Vor gut zwei Jahrzehnten hat er die Holzfigur gearbeitet, die vor drei Wochen ganz unverhofft bei der Krofdorfer Bäckerei Seidl vorm Laden stand. Erich "Oddneng" Schneider, dem Vater der Seniorchefin Marianne Seidl wie aus dem Gesicht geschnitten…

Wie’s dazu kam, das ist eine allzu schöne Geschichte: Gastwirt Erich Schneider betrieb in vierter Generation das Gasthaus "Moos" an der Hauptstraße/Ecke Wißmarer Straße. "In Bierlaune am Stammtisch sagte ich zum Erich: ›Du hat so einen interessanten Kopf. Den müsste man in Holz schnitzen‹", erinnert sich Beilicke, heute 88 Jahre alt und aus dem gleichen Jahrgang wie der frühere Wirt. Und Schneider habe ihm geantwortet: "Mach’s doch!" Bevor die Schnitzerei jedoch fertig war, verstarb der Wirt anno 1998.
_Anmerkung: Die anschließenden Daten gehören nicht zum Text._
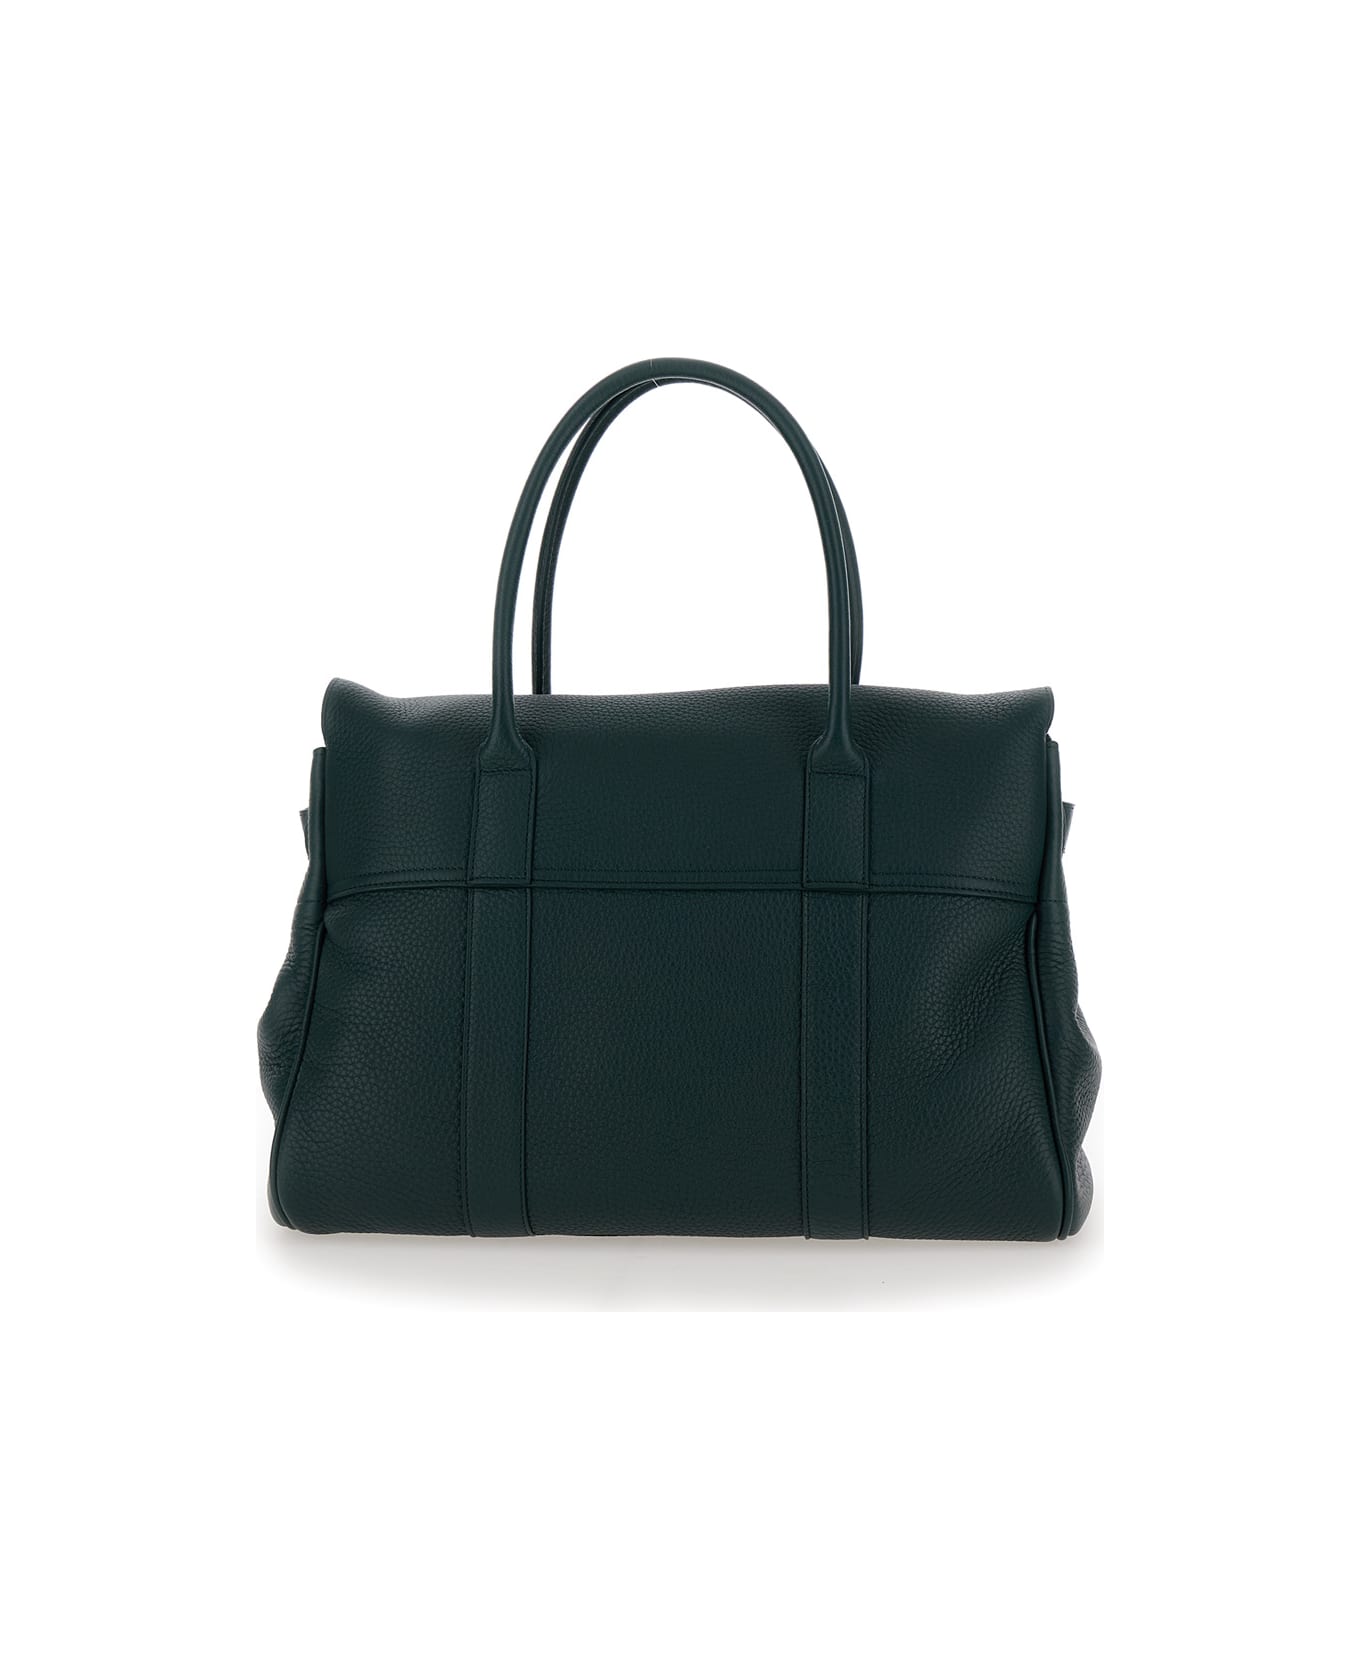 Mulberry 'bayswater' Green Handbag With Postman's Lock In Hammered Leather Woman - Green トートバッグ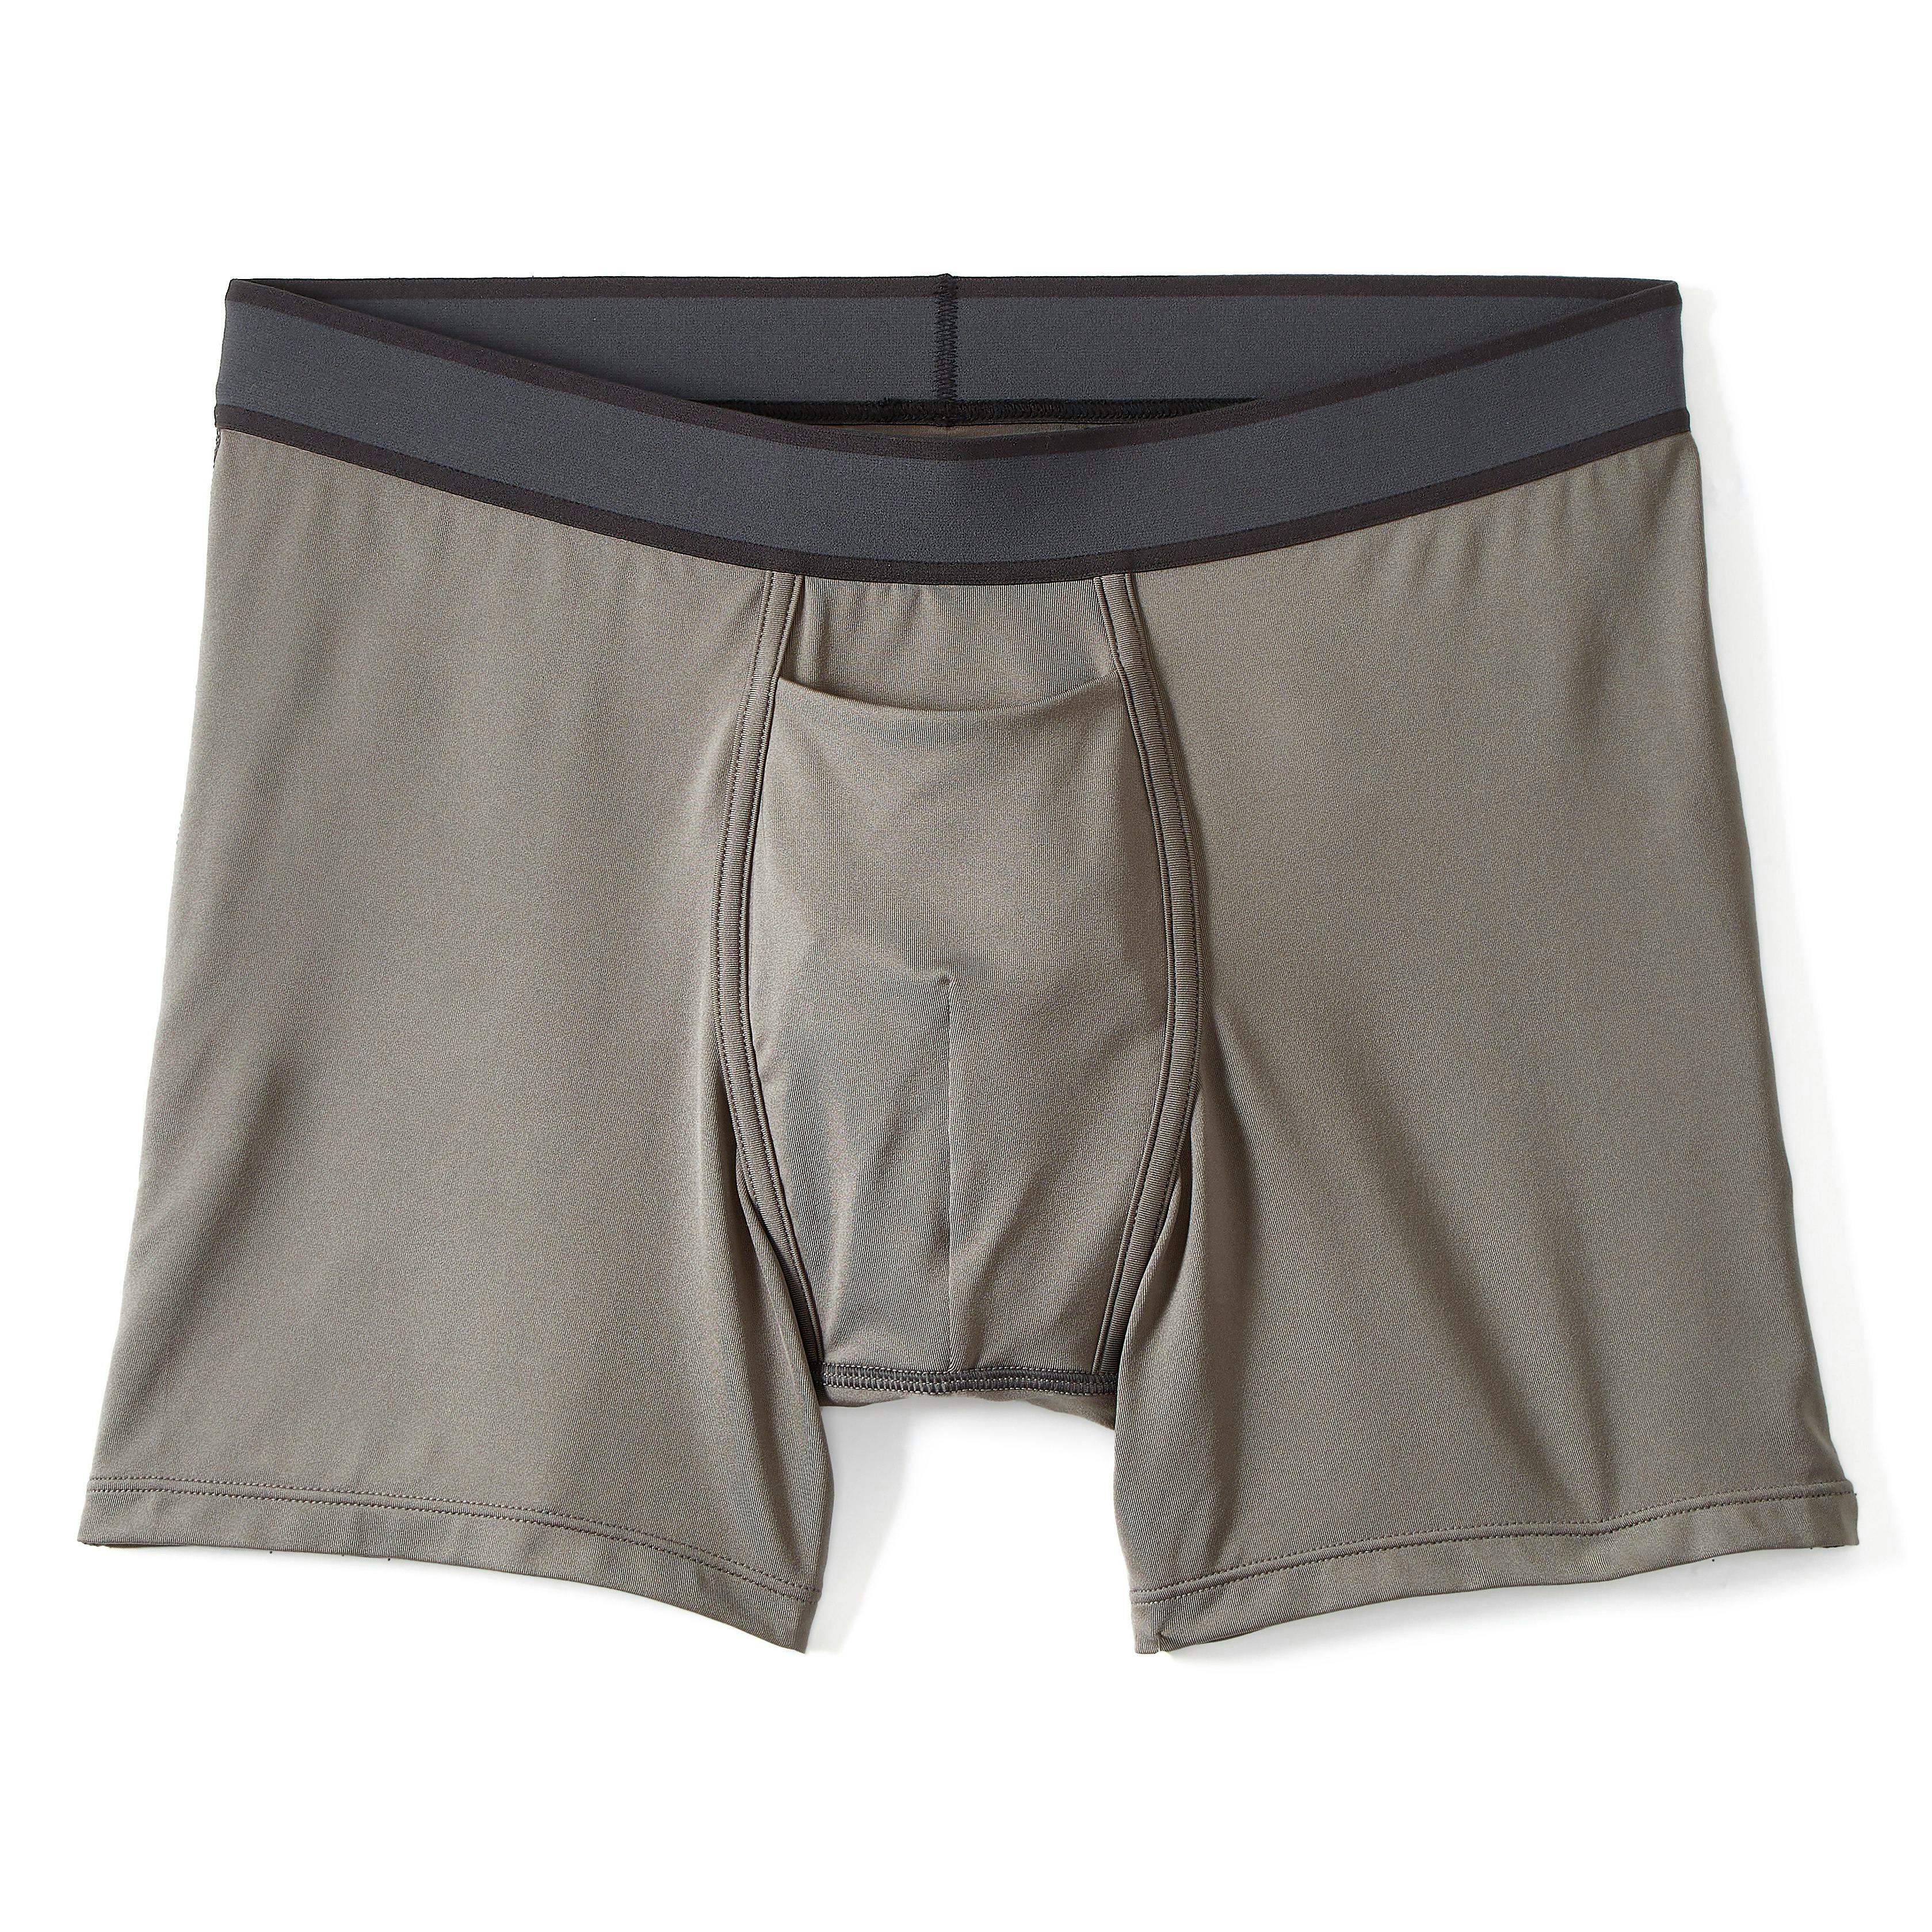 Proof Interval Boxer Briefs - 5

Seitdem stand der hölzerne Wirt bei Knud Beilicke. Als bei diesem jetzt wegen eines Wasserrohrbruchs das große Auf- und Ausräumen begann, kam er auf die Idee, diesen Kameraden früherer Tage den Nachfahren zu vererben. So fand die Holzfigur den Weg in die Bäckerei zu Tochter Marianne. Dort bekommt der "Oddneng" sicher einen Ehrenplatz.

Woher aber hatte der Wirt seinen Spitznamen? Der kam ob seines häufigen Ausspruchs "schu ien Oddneng" - alles schon in Ordnung. So wie auch diese Geschichte von der Heimkehr nach Krofdorf. (so/Fotos: Archiv,so)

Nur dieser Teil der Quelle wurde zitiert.